Somut uyuşmazlığın incelenmesinde; davacının 01.01.1996-31.12.2000, 01.05.2002-31.12.2002 tarihleri arasında 2926 sayılı Kanun uyarınca tarım Bağ-Kur sigortalısı olduğunun tespitini talep ettiği, dava dilekçesinin ekinde ibraz edilen tevkifat listesinin incelenmesinde, teslim ettiği ürün bedellerinden; Denizli Tekel Yaprak Tütün İşletme Müdürlüğünce 14.12.1995-15.04.2002 tarihleri arasında 2001 yılı hariç Bağ-Kur prim kesintisi yapıldığı, mahkemece; “Davacıdan Tekel İşletme Müdürlüğünce 2001 yılı hariç 14.12.1995-15.04.2002 tarihleri arasında prim kesintilerinin yapıldığı, 1995 yılı kesinti listelerinde davacının isminin bulunmadığı, 1995 yılı kesintisini yapmış görünen M.Kavala şirketine yazılan müzekkerenin bu şirketin bu adreste tanınmadığından bahisle bila tebliğ iade edilip, 1995 yılında özel tütün şirketince yapılan prim kesintisinin kurum hesabına intikal ettiğinin ispat edilemediği, 1996 yılında yapılan prim kesintisinin ise 20.06.1996 tarihinde kurum kayıtlarına intikal ettiği, davacı vekilinin davacıdan 1995 yılında tevkifat yapılan özel şirkete ulaşılamadığından, davacının zorunlu sigortalılığının ikinci tevkifatı takip eden ay başından itibaren (01.06.1996) tespit edilmesi talebinde bulunduğu, davacının Denizli Ziraat Odasının 20.06.2005-31.07.2007 tarihleri arasında üyesi olduğu, zabıta ve muhtarlık araştırmalarına göre dava konusu dönemde, Kurtluca köyünde ikamet edip, eşine ait ve üçüncü şahıslardan kiraladığı taşınmazlarda tarımsal faaliyetlerini aralıksız sürdürdüğü, tütün, anason, arpa, buğday, mısır, nohut gibi ürünler yetiştirip, elde ürünlerini tekele ve tüccarlara sattığı, diğer ürünleri kendi ihtiyaçlarında kullandığı, fazlasını da köye gelen alıcılarına sattığı, yıllık ortalama 4.000,00 TL civarında gelir elde ettiği” gerekçesiyle davanın kısmen kabulü ile dosya üzerinden yapılan inceleme sonunda davacının 01.07.1996-31.12.2000 ile 01.05.2002-31.12.2002 tarihleri arasında 2926 sayılı Kanun kapsamında tarım Bağ-Kur sigortalısı olduğunun tespitine karar verildiği anlaşılmaktadır.

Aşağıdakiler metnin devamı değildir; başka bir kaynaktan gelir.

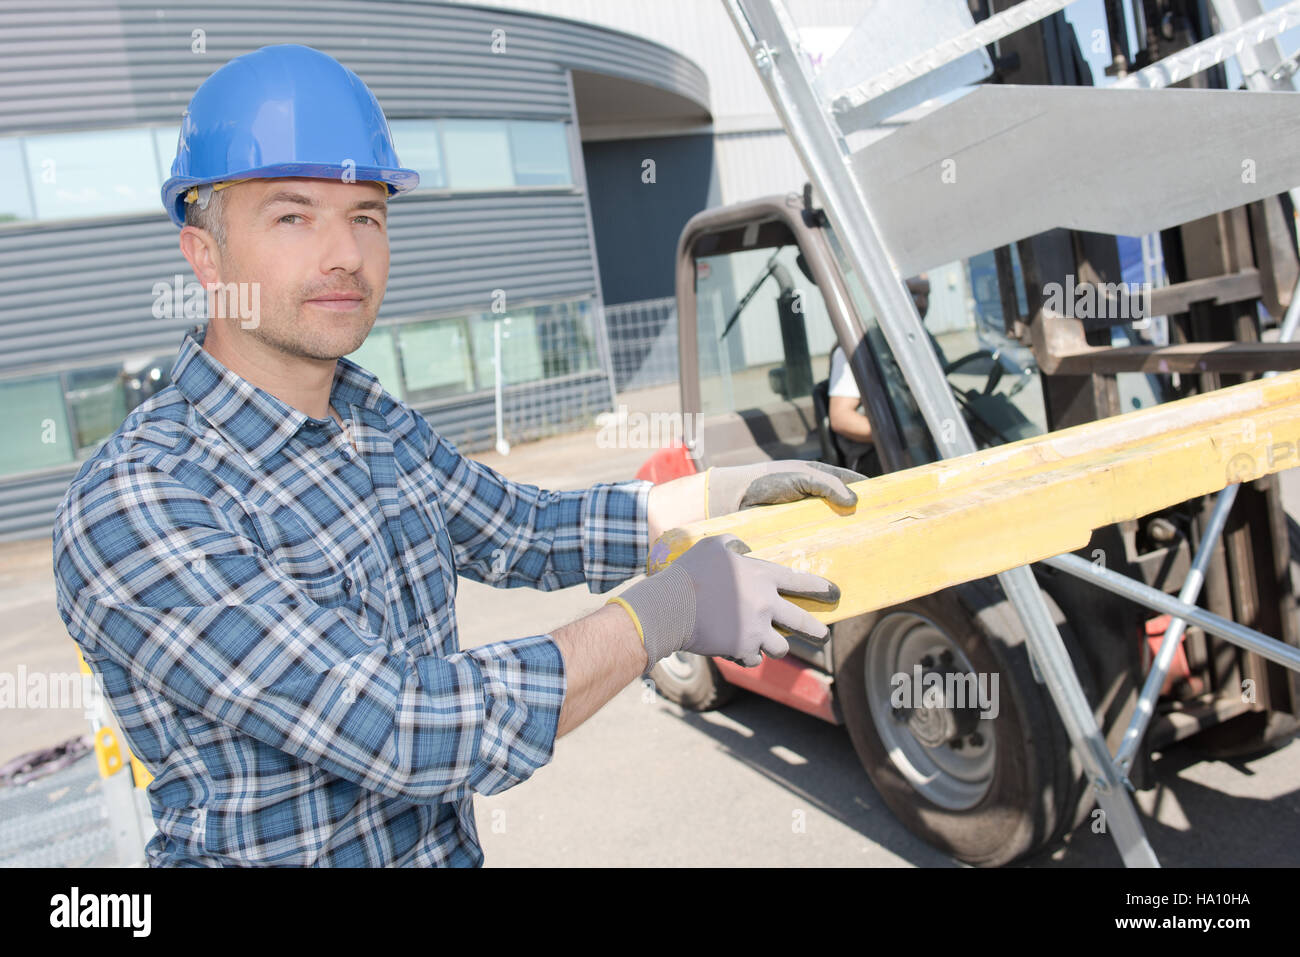 Worker loading wood on to forklift Stock Photo

Mahkemece, dosya üzerinden yapılan inceleme sonunda, taraflar duruşmaya davet edilmeksizin hüküm kurulmuş ise de, dosyanın incelenmesinde mahkemenin taraflarca bildirilen delillerle yetinmeksizin re'sen incelemeye girişerek delil topladığı ve değerlendirdiği, diğer bir ifade ile tahkikat aşamasına ilişkin işlemler yaptığı anlaşılmaktadır.

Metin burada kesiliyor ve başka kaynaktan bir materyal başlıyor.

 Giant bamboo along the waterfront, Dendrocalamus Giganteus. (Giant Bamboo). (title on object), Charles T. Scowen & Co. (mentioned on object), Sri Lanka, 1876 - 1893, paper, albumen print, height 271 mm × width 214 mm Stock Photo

6100 sayılı HMK'nun 320. maddesinin 1. fıkrasında “mümkün olan hallerde” taraflar duruşmaya davet edilmeksizin karar verileceği düzenlenmiş olup, mahkemece, 23.11.2011 tarihli “Tensip zaptı” başlıklı tutanağının 5, 6, 7, 8, 9 ve 12. bentlerinde belirtildiği üzere re'sen delil toplanmakla, dosyada mevcut delillerin karar verilmesine yeterli görülmediğinin kabulü zorunludur. Bu durumda somut olayda, dosya üzerinden karar verilebilmesi “mümkün olan haller” bulunmadığından, re'sen toplanan delillere karşı davalıya savunma hakkı tanınmadan, taraflar duruşmaya davet edilmeksizin karar verilmesi isabetsizdir.
Yukarıda yapılan açıklamaların ışığında, somut olay itibariyle duruşma açmadan evrak üzerinden karar verilmesi doğru görülmemiştir.
O halde, tarafların karşılıklı iddia ve savunmalarına, dosyadaki tutanak ve kanıtlara, bozma kararında açıklanan gerektirici nedenler ve yukarıda belirtilen ilave nedenlere göre, Hukuk Genel Kurulu’nca da benimsenen Özel Daire bozma kararına uyulması gerekirken, mahkemece, duruşma açılmadan ve taraf delilleri toplanmadan dosya üzerinden karar verilmesine ilişkin önceki kararda direnilmesi usul ve yasaya aykırıdır.
Bu nedenle direnme kararı bozulmalıdır.
S O N U Ç: Davalı Sosyal Güvenlik Kurumu Başkanlığı vekilinin temyiz itirazlarının kabulü ile, direnme kararının Özel Daire bozma kararında ve yukarıda gösterilen nedenlerden dolayı 6217 sayılı Kanun'un 30. maddesi ile 6100 sayılı Hukuk Muhakemeleri Kanunu’na eklenen “Geçici Madde 3” atfıyla uygulanmakta olan 1086 sayılı Hukuk Usulü Muhakemeleri Kanunu’nun 429. maddesi gereğince BOZULMASINA, 5521 sayılı İş Mahkemeleri Kanunu’nun 8/3. fıkrası uyarınca karar düzeltme yolu kapalı olmak üzere, 30.04.2014 gününde oybirliği ile karar verildi.